Summary Tests

Drift

Test for differences in the distribution of the reference dataset versus the evaluation dataset. If predictions and labels are provided, measure the performance degradation caused by shifting data as well as drift in predictions and labels themselves.
Data Requirements: Labels and predictions are not required but they improve results.

Abnormal Inputs

Check the evaluation dataset for abnormal values commonly encountered in production. If model predictions are provided, test if the observed abnormal values cause a degradation in your model’s performance.
Data Requirements: Labels and predictions are not required but they improve results.

Subset Performance

Test that your model performs equally well across different subsets of the evaluation dataset.
Data Requirements: Predictions are required. Labels are required for most tests.

Bias and Fairness

Test that your model does not discriminate based on protected features.
Data Requirements: For some tests predictions, labels, and/or model are required.

Transformations

Augment your evaluation dataset with synthetic abnormal values to proactively test your pipeline’s error-handling behavior and measure the performance degradation caused by different types of abnormal values.
Data Requirements: Model is required.
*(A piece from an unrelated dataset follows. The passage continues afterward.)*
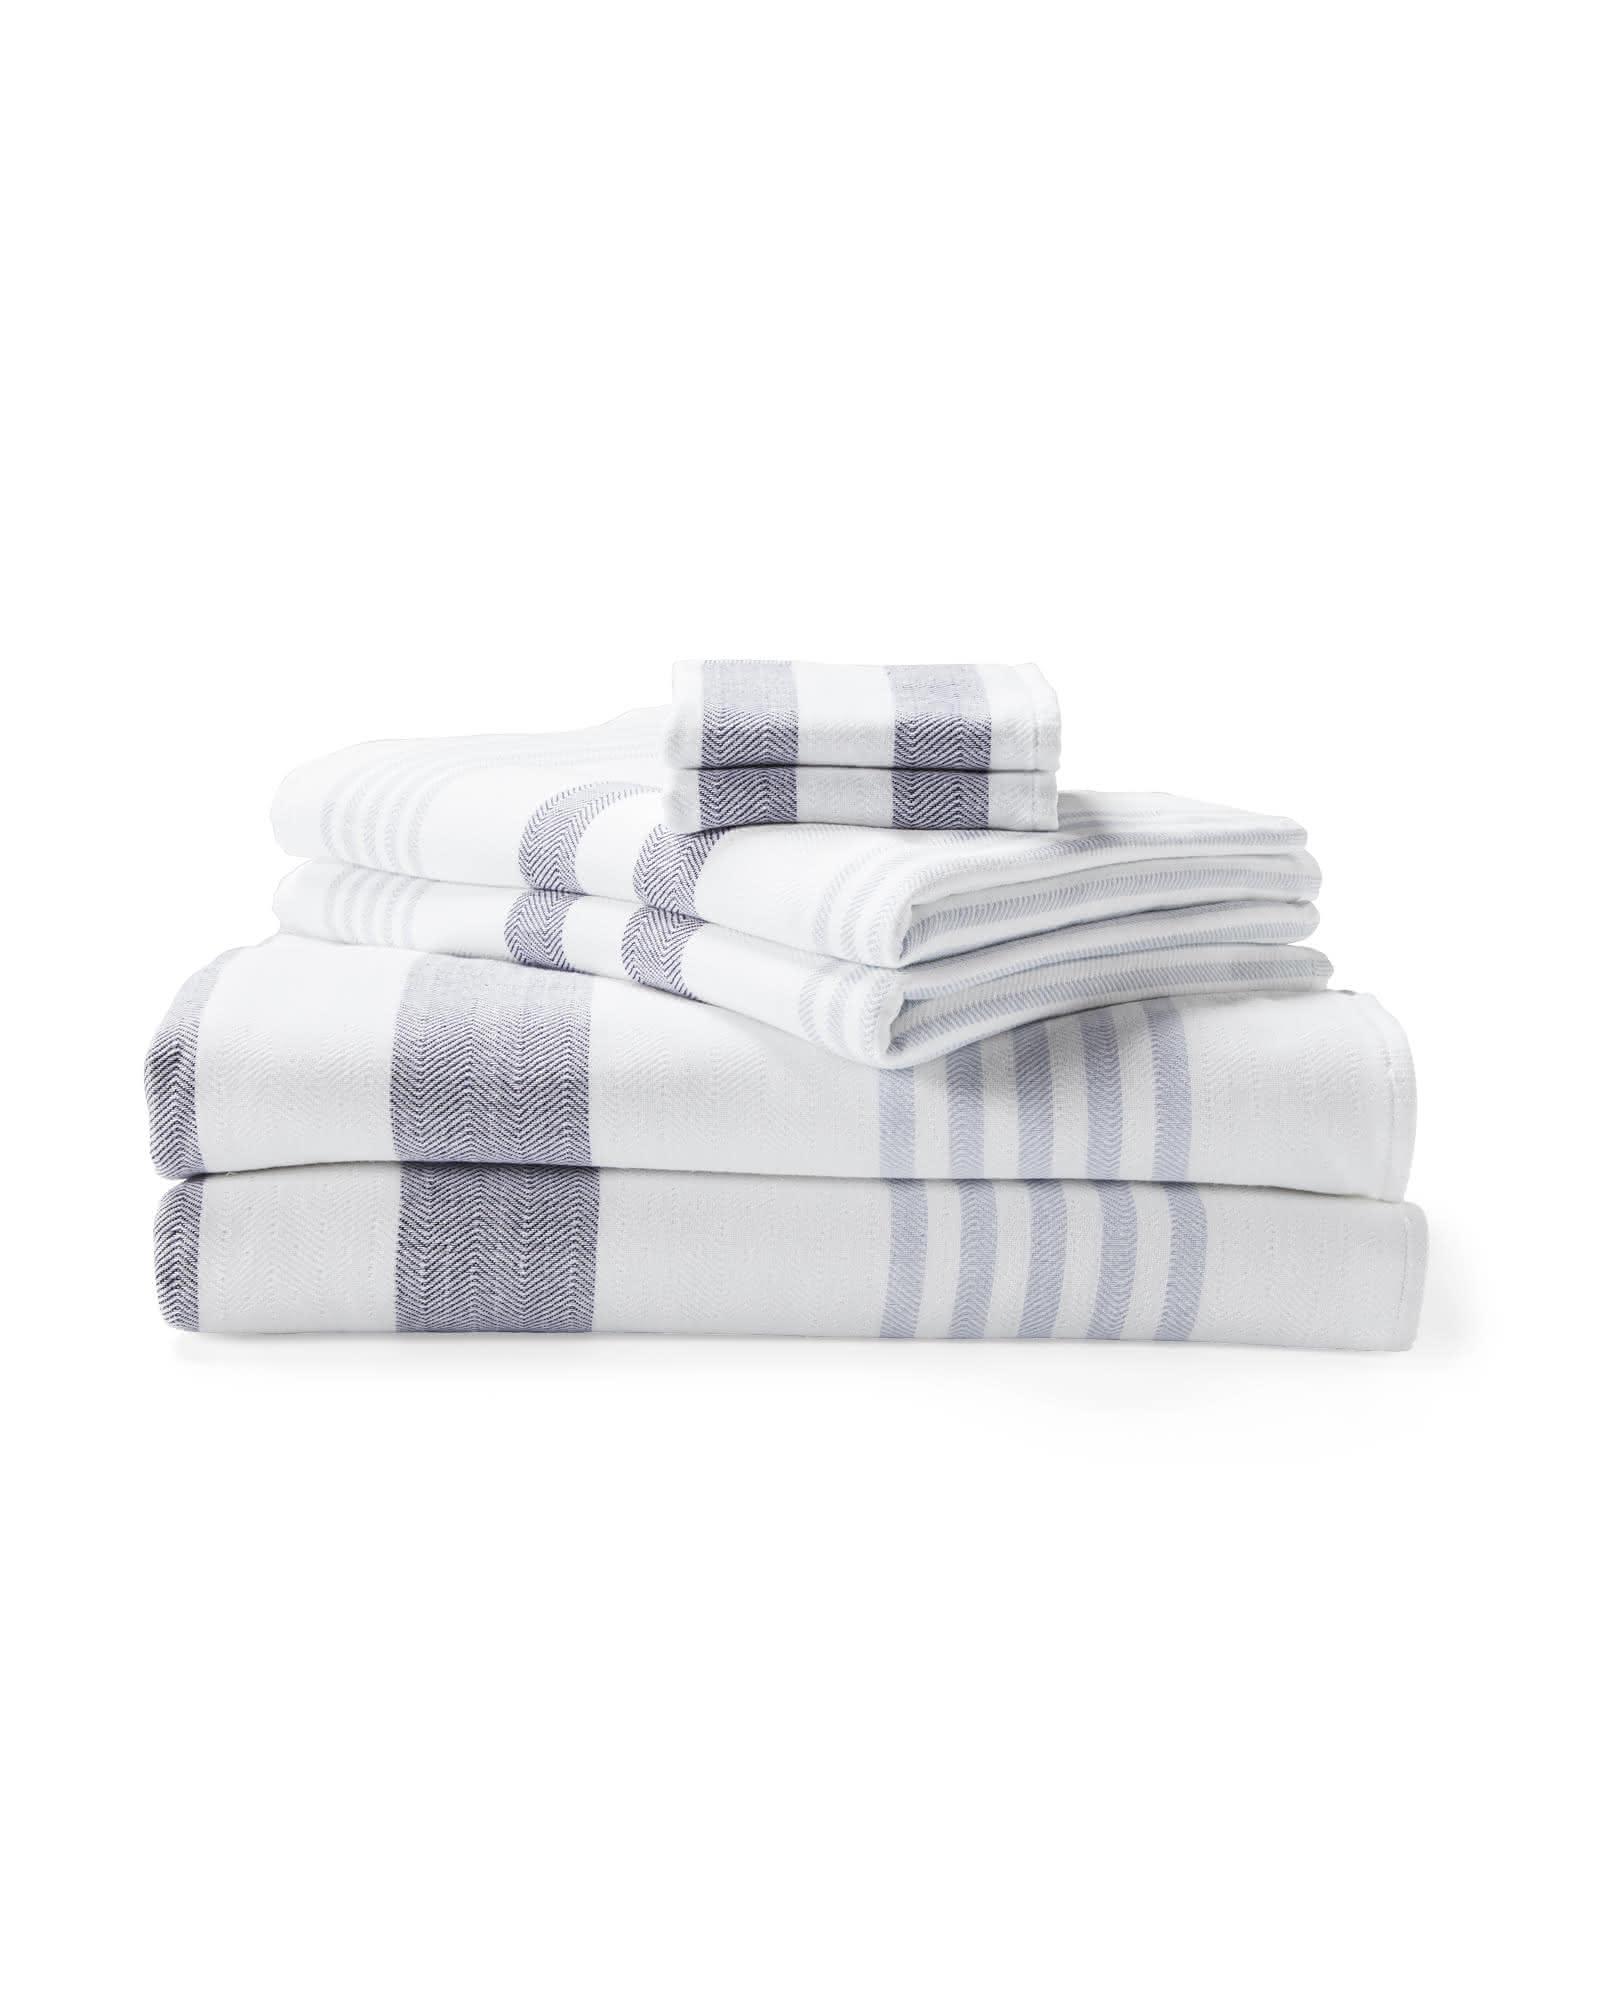 Blissful Alpaca Kitchen Towels

Labels are not required but they improve results.

Model Performance

Test that your model performs well on the evaluation dataset and is not degrading in performance.
Data Requirements: Predictions are required. Labels are required for exact performance metrics, otherwise approximate performance metrics will be used.

Data Cleanliness

Test for data reliability by checking that your data is consistent and complete.
Data Requirements: This category only requires input data.

Adversarial

Test the robustness of your model by measuring the worst-case change in model predictions that can be caused by small perturbations to data points.
Data Requirements: Model is required.

Subset Performance Degradation

Test that your model’s performance on different subsets of the data has not degraded.
Data Requirements: Predictions are required. Labels are required for most tests.

Data Poisoning Detection

Test for the presence of potentially corrupted samples in your data.
Note that the default behavior of this test category in Continuous Testing depends on the quality of data used for the initial stress test. If corrupted samples were detected in the stress test, then the continuous test will be more permissive.
Data Requirements: This category requires input data with labels and timestamps.

Evasion Attack Detection

Test for the presence of adversarial evasion attacks against your model.
Data Requirements: This category only requires input data with timestamps.

Model Alignment

Test that your model is aligned: helpful, honest, and harmless.
Data Requirements: Most tests in this category require a generative text model to be provided, though providing only predictions is sufficient for any row-wise test.

Factual Awareness

Test that your model is producing factually correct outputs.
Data Requirements: Most tests in this category require a generative text model to be provided, though providing only predictions is sufficient for any row-wise test.